Check here for a big list of record high temperatures around the Midwest yesterday. With the recent spell of record high temperatures in the Midwest, many people are looking for answers. I was amused to hear some national reporters putting the blame at least partially on La Nina. Just last Winter La Nina was blamed for the harsh conditions of heavy snow and bitter cold. If you don’t follow the ENSO situation closely, I suspect one could easily become confused. Plus there are other ocean and atmospheric patterns that can overwhelm ENSO from time-to-time.
If you remember my past few ENSO discussions in the blog, you will recall that I thought La Nina would give us slightly cooler conditions this Winter with a little above normal snowfall. This was based on the fact that the last 3 La Nina episodes DID bring harsher Winter conditions to Wisconsin. However, I was careful to mention that very long term analysis of La Nina (more than the last 3) did not show a real significant effect on our Winter weather. Some years it was warmer and some years colder. A more consistent effect comes from El Nino. Almost every time we have El Nino, the Winter temps end up above normal and precipitation is below normal. The stronger El Nino is, the warmer our Winter.
The biggest connection with La Nina comes in other parts of the country. La Nina typically has a strong effect on the Pacific Northwest (cooler temps and more precipitation), and the southern U.S. (warmer temps and below normal precipitation – hence the drought in Texas).
For our area, this Winter has been well above normal so far and it looks like it will continue, in general, for another week or so. Some of the computer models are showing a more active weather pattern for the second half of January. It could be colder with higher chances of snow. This is probably because some other atmospheric and ocean patterns (like the MJO) will relax/change a bit and allow La Nina exert a bit more influence.

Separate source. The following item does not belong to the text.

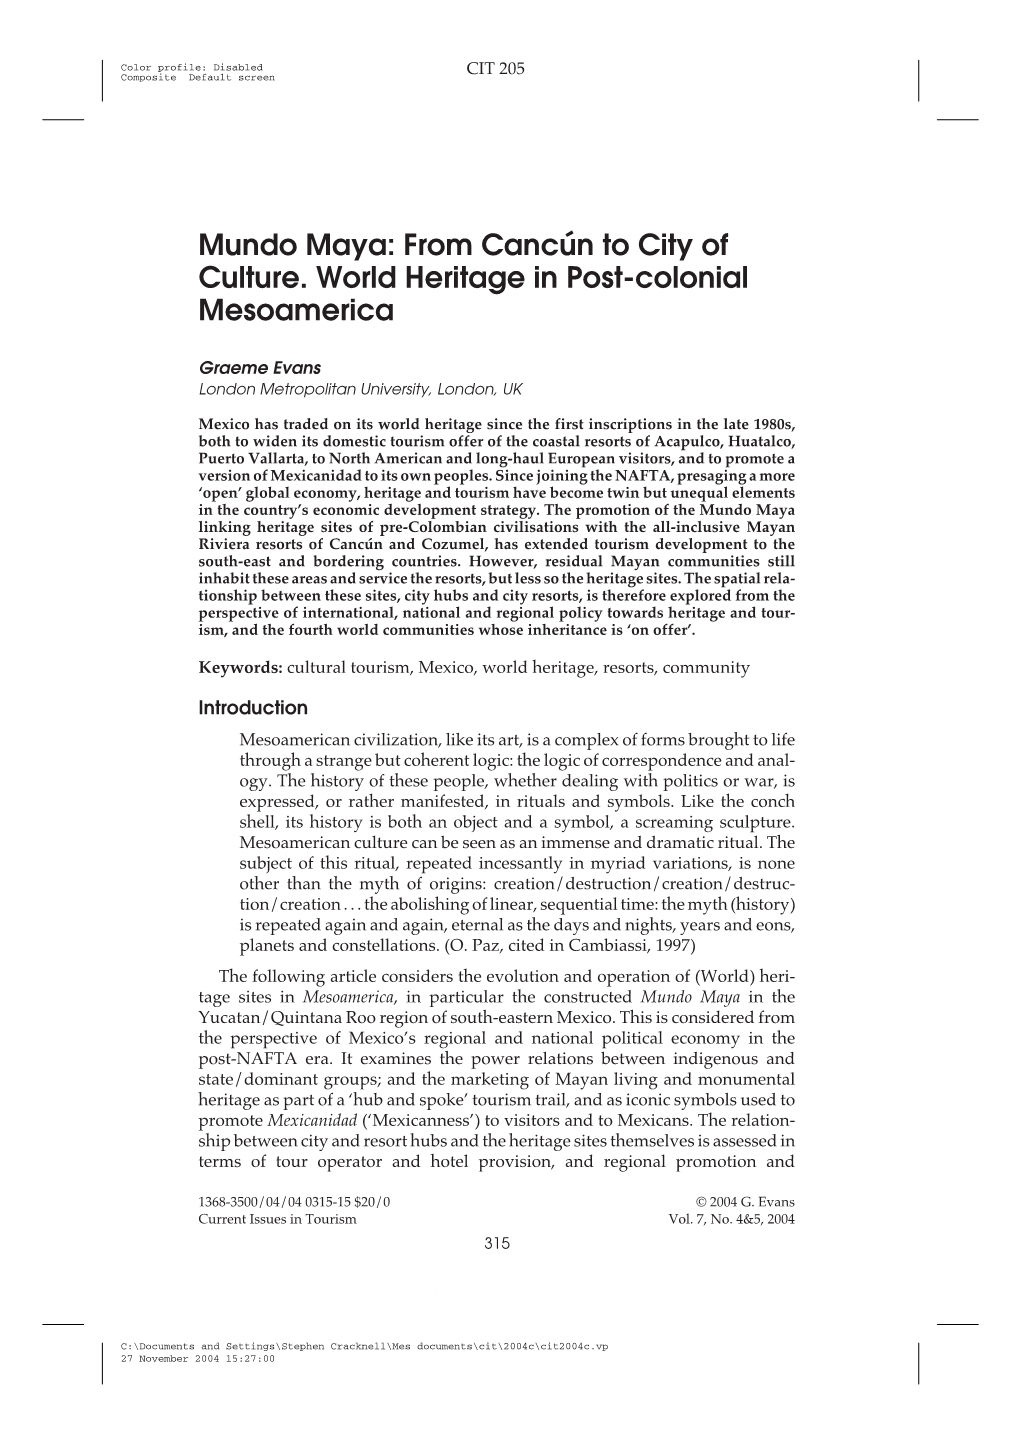 Mundo Maya: from Cancún to City of Culture. World Heritage in Post-Colonial Mesoamerica
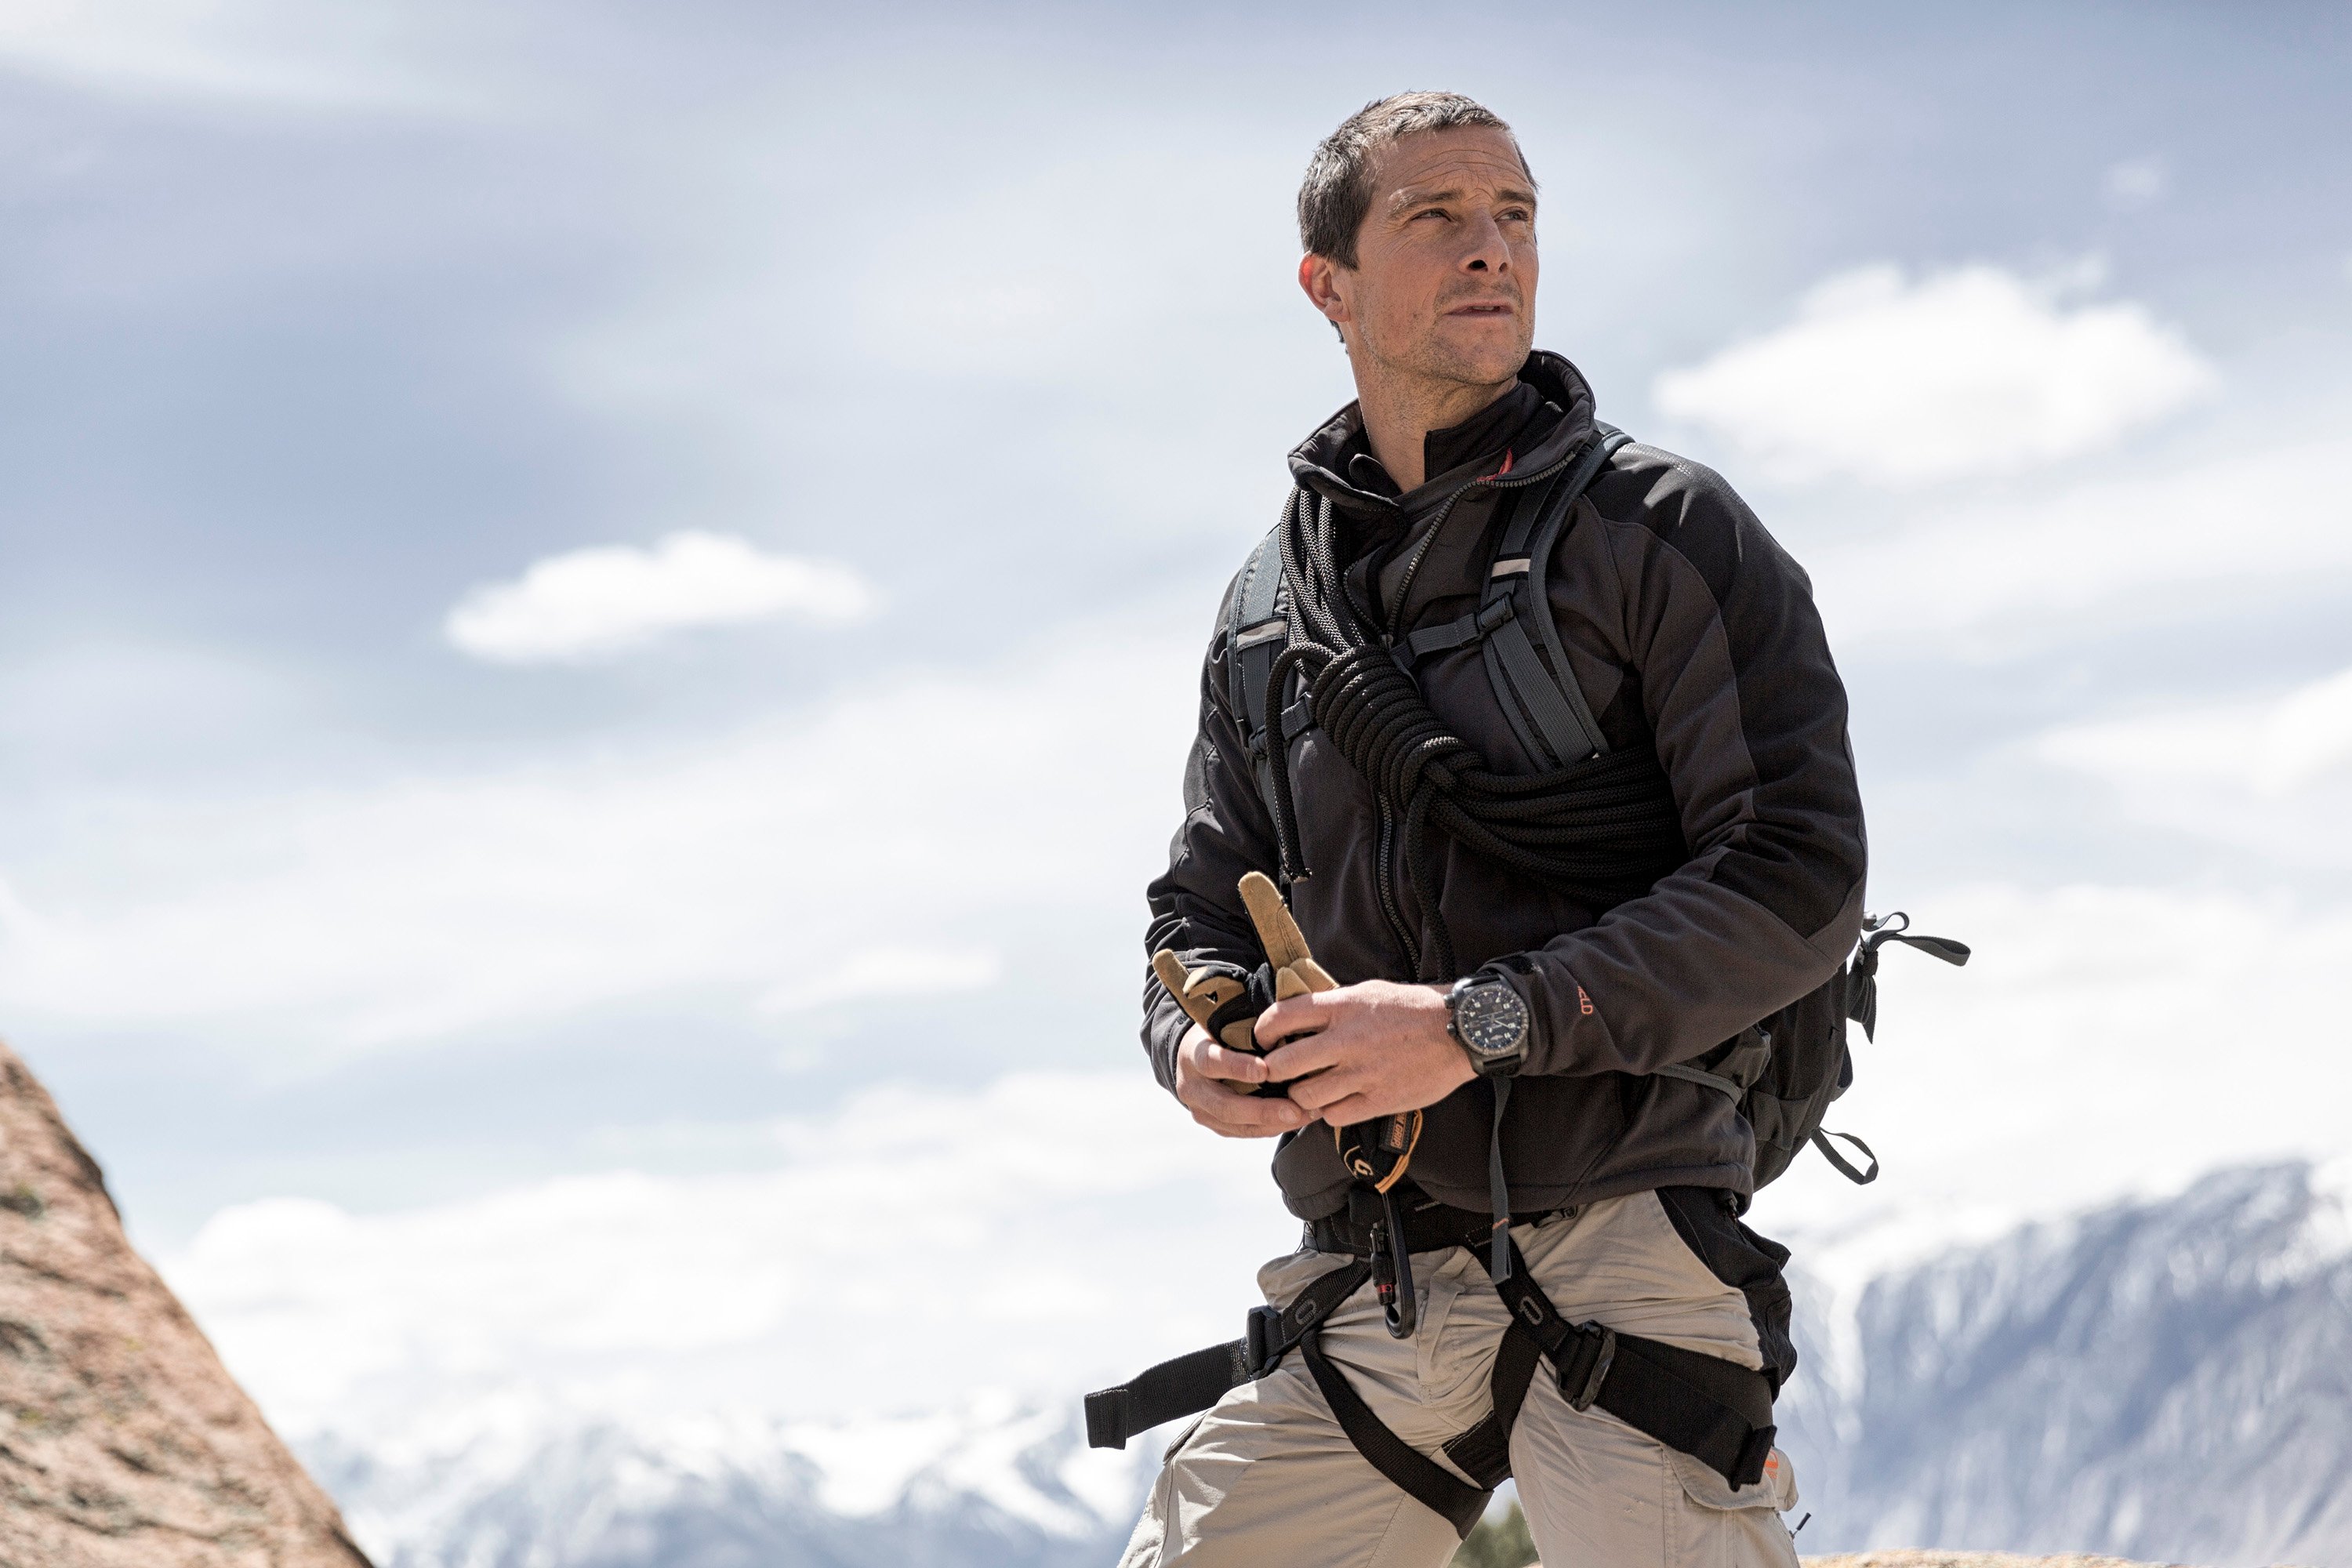 Bear Grylls looking on while walking through an icy landscape

So how long will La Nina last? The latest ENSO diagnostic discussion indicates that the strength of La Nina did not change during the past month and that it will slowly weaken during the February through April time frame. In contrast to past months, the computer model projections are in very good agreement about this weakening trend. Therefore, it is doubtful we will have any surprise strengthening later this winter. Given the very mild December and early January we have experienced thus far, it is most likely that this La Nina Winter will end up milder than average. It would take quite a wicked spell of cold and snow to reverse the early Winter trends completely.
With the recent record high temperatures, no doubt there will be more talk how anthropogenic global warming (AGW) is going to destroy the environment. While the record warmth cannot be pinned conclusively on AGW, the world (including the oceans) has warmed up a little over the last couple of decades . Whether a natural or unnatural temperature trend, we should expect more record highs than record lows. (For the record, I expect more record lows when the next ice age develops. Take that forecast to the bank!)
What is less certain is whether additional warming will cause catastrophic consequences. Many climatologists and ecologists think we are already doomed. Many say the changes that have occurred in the atmosphere are “irreversible”. I have often pointed out that they are not irreversible. If carbon dioxide is the primary problem, then we could always take it out of the air. I know it seems like a mammoth project, but we put it in the air, I am sure we can take it out – if necessary. If you are wondering how this would be accomplished, look no further than the continued pace of technological progress. Just this week in the Journal of the American Chemical Society, a new material was described that can take CO2 out of the air easier and more efficiently than previous materials/processes and this polymer material can be theoretically re-used indefinitely.
So in the near future we might be able to extract large quantities of CO2 from the air, but what will we do with the captured CO2. This is where we need some more inventiveness. Many have proposed injecting the gas underground, but I don’t like that idea as much as breaking it down into its constituent parts. The problem of breaking carbon dioxide into carbon and oxygen molecules is that there is a strong chemical bond between the two elements. It can be broken up but we cannot yet do it very efficiently. Otherwise, once the carbon is separated from the oxygen, it becomes much easier to deal with/bury/use for other purposes.
Have a good Thursday! Meteorologist Justin Loew.